Often, we eat without thinking, taking for granted how much effort goes into food preparation. Conversely, if something is made without due care, it shows in the taste.

With that in mind, it is clear that Spice Peranakan’s dishes — both its traditional fare and head chef Joshua Wee’s successful experiments — are made with love.

Like his delicious signature ayam goring (fried chicken covered in caramelised onions, S$9.80), the robust itek sioh (stewed duck leg, S$14.80) was a winner. The meat was tender while the rempah (gravy) was thick and complex. Evidently, much care had gone into blending the spice mix.

Also embodying the no-effort-spared Nonya approach was the staple ayam buah keluak (chicken with black nuts, S$13.80).

Every nut is hollowed, then stuffed chock full of that distinctive, dense meaty filling. Though not quite my favourite dish, one of my dyed-in-the-wool-Peranakan dinner companions commented that the buah keluak’s uniquely intense flavour was present and the taste was just right.

Of course, there are seafood dishes in abundance. I tried the ikan assam pedas (S$14.80) as well as the sotong sambal (S$10.80). While the former was fragrant and hearty, with a fresh and luscious slab of fish, I found the sotong (squid) less successful. Filled with a soft fish paste, it lacked harmony and relied instead on the sambal (chilli paste) to make it work.

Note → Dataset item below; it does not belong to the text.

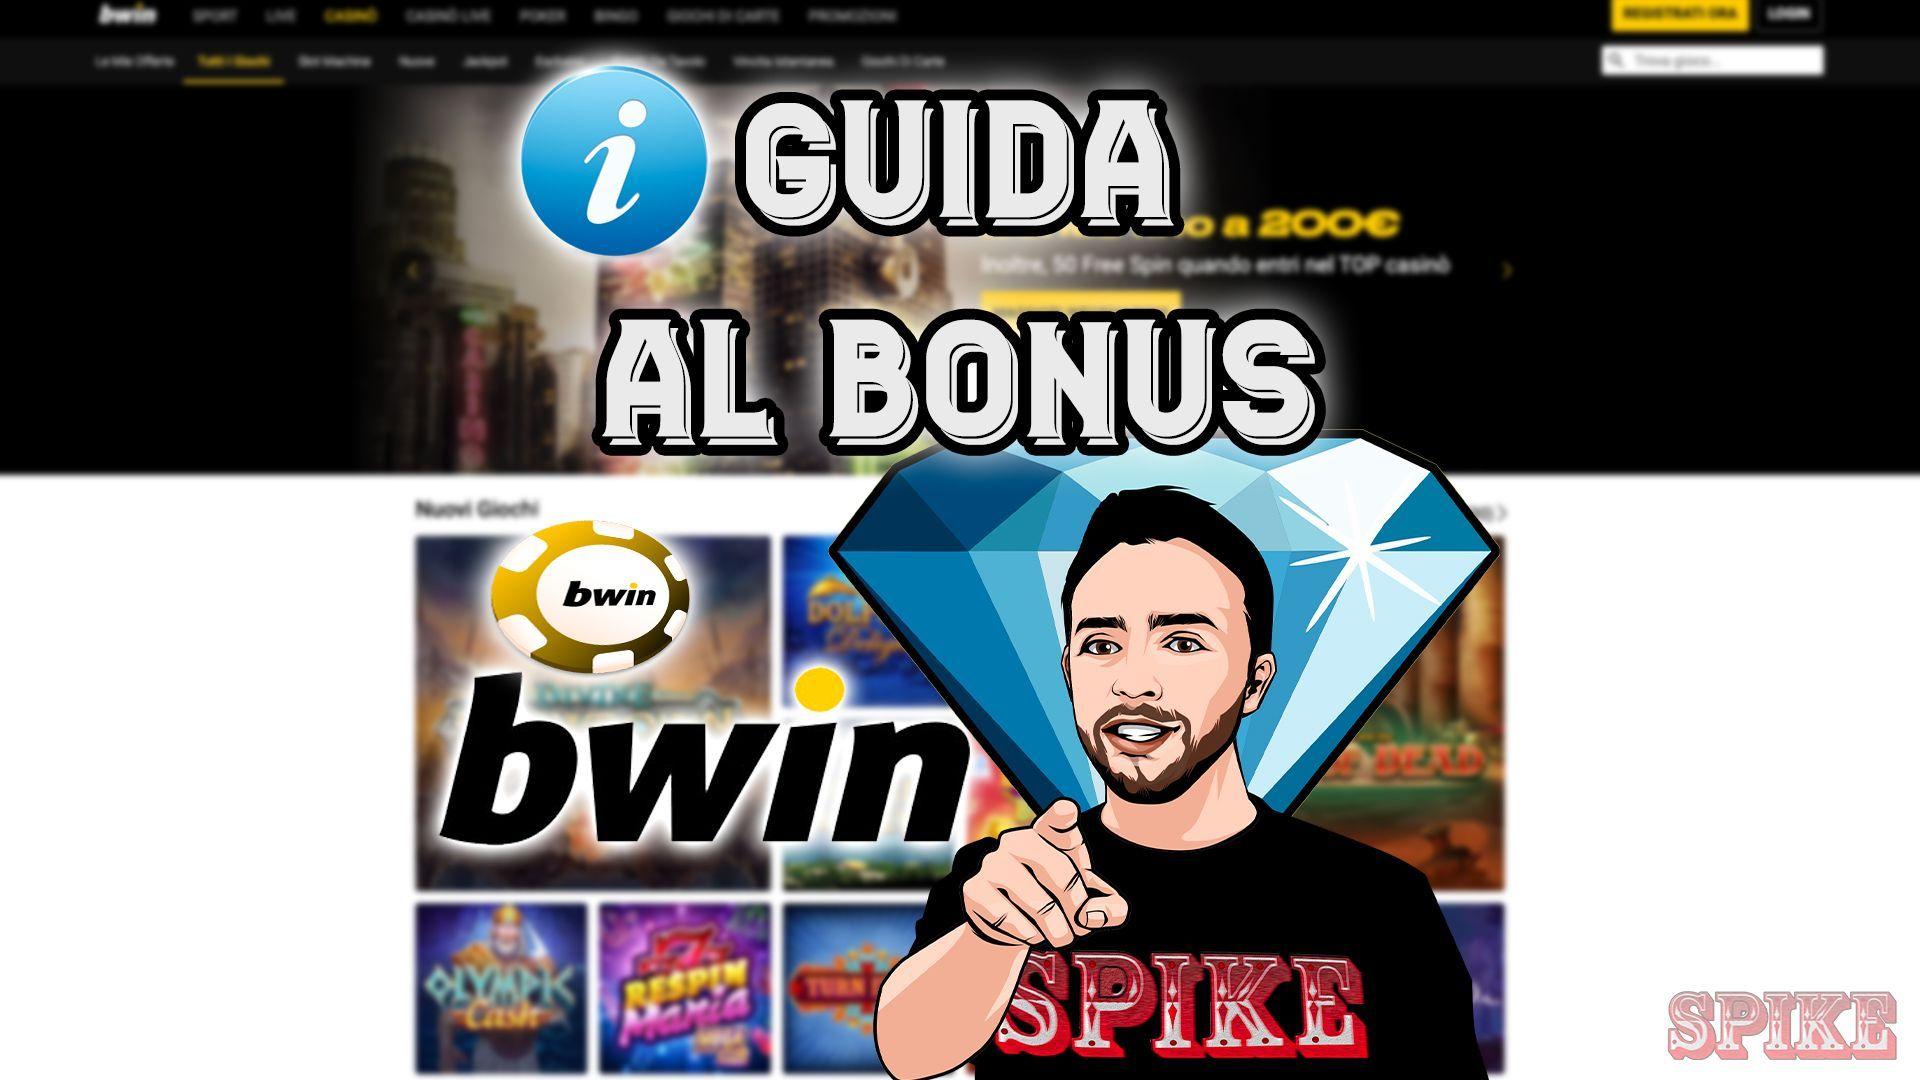 Guida Bwin Bonus Casino Logo

Finally, there was the udang assam goreng, which featured plump prawns with a tamarind tang and a coating of caramel. Addictive.

I tend to avoid mixing booze with Asian food for fear of confusing my taste buds, but was persuaded to take a glass (or two) of the Riesling, which I thoroughly enjoyed.

Besides being particularly refreshing, the wine actually complemented dishes like the itek sioh and ayam goreng.

I had a sip of tempranillo to go with the delicious — if a little watery — babi ponteh (stewed pork with mushrooms in tau chio sauce, S$13.80). The red wine was surprisingly unobtrusive, ideal for a tasty meal such as this.

Rounding off our dinner was the unexpectedly sophisticated jemput-jemput with ice cream (S$7.80). Possibly a little too sweet for some, it combines the crunch of deep fried banana fritters with creamy ice cream and a topping of unctuous gula melaka.

There is certainly much to recommend at Spice Peranakan, and although it may take time for the uninitiated to choose from the dizzyingly comprehensive menu, the effort spent will be worth it.